Long-lived photo excitations in light emitting conjugated polymers

Abstract

In this work findings related to delayed luminescence after optical excitation in a range of solid-state conjugated polymers are described and analysed. Special interest was focused on conjugated light emitting polymers applicable for polymer light emitting diodes such as poly(9,9-bis(2-ethylhexyl)fluorene- 2,7-diyl) (PF2/6), since it appears to be that the major excitations created are non emitting long-lived triplets. Indeed delayed luminescence could be detected in all investigated polymers consisting of two spectral contributions. The high-energy portion identical to the prompt fluorescence is assigned to be delayed fluorescence (DP). The second contribution - vibronically similar but red-shifted to the prompt fluorescence - results from the decay of the first excited triplet state to the singlet ground state and thus is termed phosphorescence (Ph). Experimental results of kinetics, temperature and intensity dependencies for PF2/6 of both, DP and Ph, can be understood qualitatively in terms of a picture based on mobile triplets created via inter system crossing that perform triplet-triplet annihilation (TTA) at early times and become trapped for long times after excitation.
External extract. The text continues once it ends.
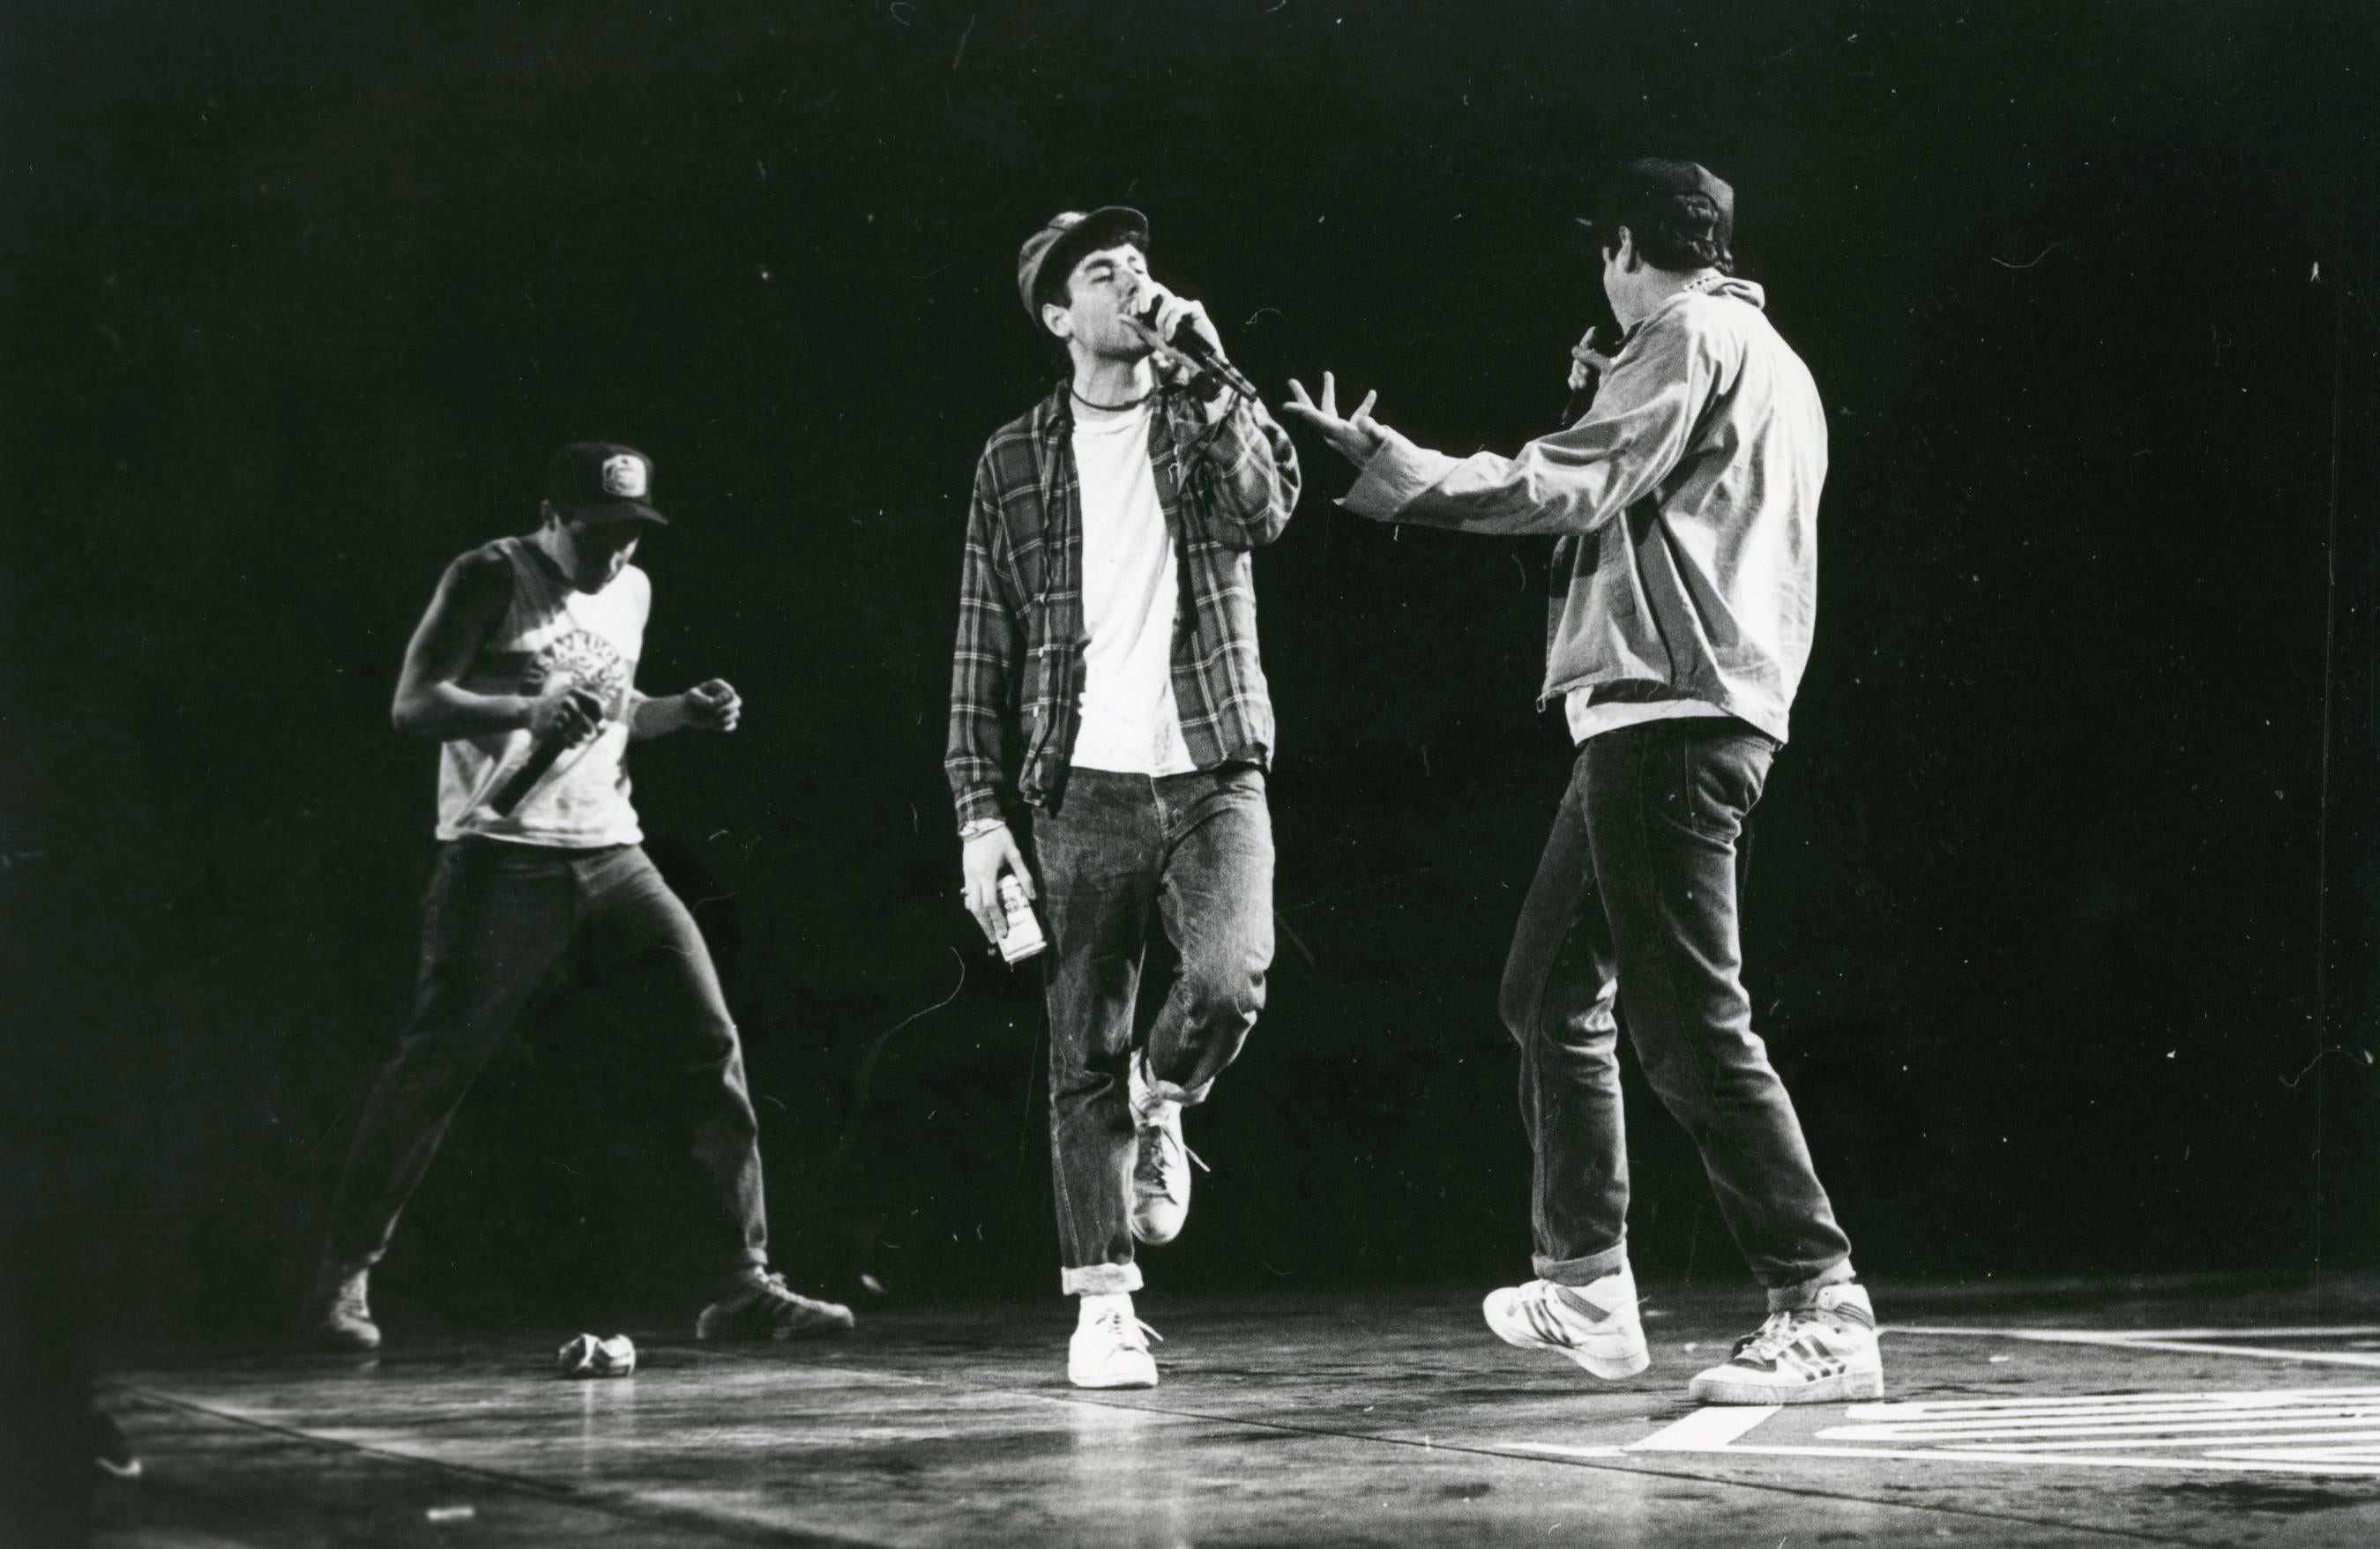 Unknown Portrait Photograph - Beastie Boys Live In Concert Vintage Original Photograph

In the last chapter an alternative to the TTA picture based on geminate pairs, again formed after optical excitation, is theoretically developed. Two parameters are of importance: the recombination frequency and the initial geminate pair distribution. Then indeed the entire complexity of experimental results, especially the observed power law dependence in the DP kinetics, becomes understandable, even if the final proof for the theory is lacking due to qualitatively poor experimental data. An important conclusion following the geminate pair picture is that the majority of triplets created via inter-system-crossing decay fast and non- emissive rather than forming geminate pairs and hence the real on-chain phosphorescence, as observed in frozen solution, still eludes detection in solid-state conjugated polymer films.